Раскрыли такую «малину» год назад и в Краснокаменске, на дому у бывшей подкулачницы Любки Ерыкаевой, жившей в ветхом домишке на окраине городка. Собирала она девочек и зазывала на свои вечера не просто парней, а некоторых и руководителей с портфелями, кто втайне от своих жен (нашлись и такие!) бегали на Любкины перины. Не даром, конечно. Платили деньгами, мануфактурой и продуктами.
Егор участвовал в этой операции, и среди всего шума, ругани, слез его вдруг поразило тихое, помертвевшее от ужаса лицо черноволосой девушки, размалеванной под стать всем. Сквозь толстый слой румян и помады проступало почти детское личико, невинное в своих помыслах и мечтаниях. Она, видно, и попала сюда случайно, заманили коробкой конфет или другими посулами, а может быть, кинулась в этот омут от нужды отчаянной, но, так или иначе, грязь еще не успела к ней прилипнуть и все в ней дышало стыдом, гневом и ужасом. Егор еще подумал, что надо будет с ней переговорить да отпустить, не внося фамилию в общий протокол. Да опоздал. Наутро она повесилась в камере. Наверное, тогда ночью еще можно было спасти ее, если б сразу же отправить домой, в общежитие завода, где ее нашла Любка. Но их всех сгребли скопом и отвели в тюрьму до выяснения. Егор потом долго переживал, хотя Сергеев этих переживаний не понимал и удивлялся его чувствительности.
— Была бы моя воля, я бы их самолично из пулемета, как сорную траву, выкосил! Да! Из пулемета! — кричал он. — Эти шваловки хуже диверсантов! Они, воздействуя на слабую мужскую струнку, разлагают всех мужиков поголовно, превращают их в животных, убивают в них всякую сознательность! И твои переживания из-за этой дряни мне просто непонятны! И даже оскорбительны! — багровел Сергеев.

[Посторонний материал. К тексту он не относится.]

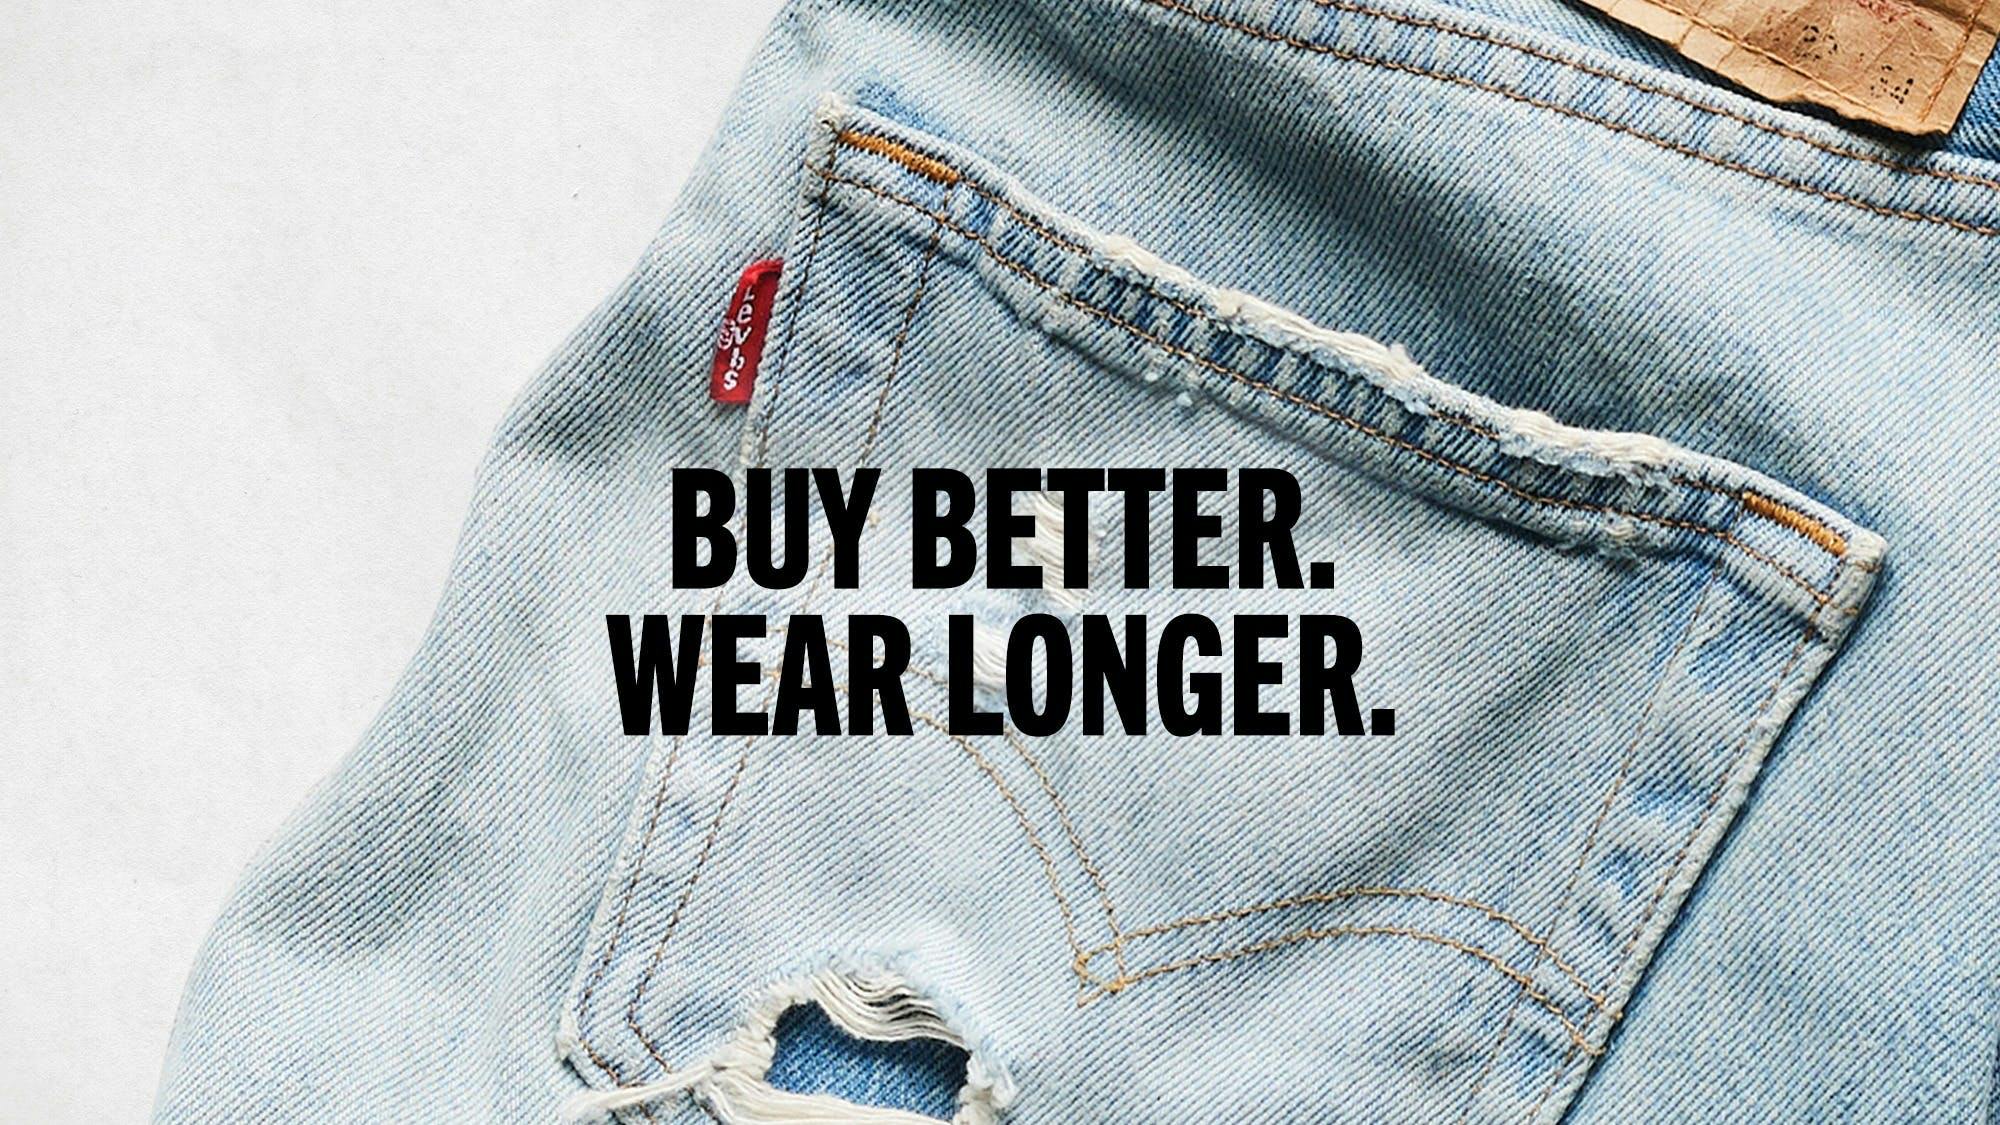 Levi’s Launches ‘Buy Better, Wear Longer’ Sustainability Campaign

— А как же семья? — возражал Егор. — Ведь там тоже они воздействуют… — краснел Воробьев.
— А я бы и семью запретил, особенно в нашем деле! — горячился Сергеев. — Дети — это понятно. Тут есть необходимость. Но сделал свое дело и все, больше не подходи, пусть они воспитывают до десяти лет, а после десяти — в коммуну, под начало командира! Вон Лынев рассказывал, как в древности было… Лынев, где одних воинов воспитывали? — крикнул Василий Ильич в приемную.
— В Спарте, в Древней Греции… — отвлекаясь от книги, кричал оттуда Лынев.
— Во, спартаковцы! Так какие ребята потом вырастали!.. Другое дело женщина-боец, когда она сама это паскудство презирает и борется с тобой рука об руку за здоровый коммунистический быт! Взять хотя бы Ленина и Крупскую! Ведь детей у них не было. А могли бы завести кучу! Но они понимали, что борьба за идеалы человечества, революцию и дети несовместимы! Тюрьмы, ссылки, эмиграция, шпики, опасности — вся жизнь в борьбе!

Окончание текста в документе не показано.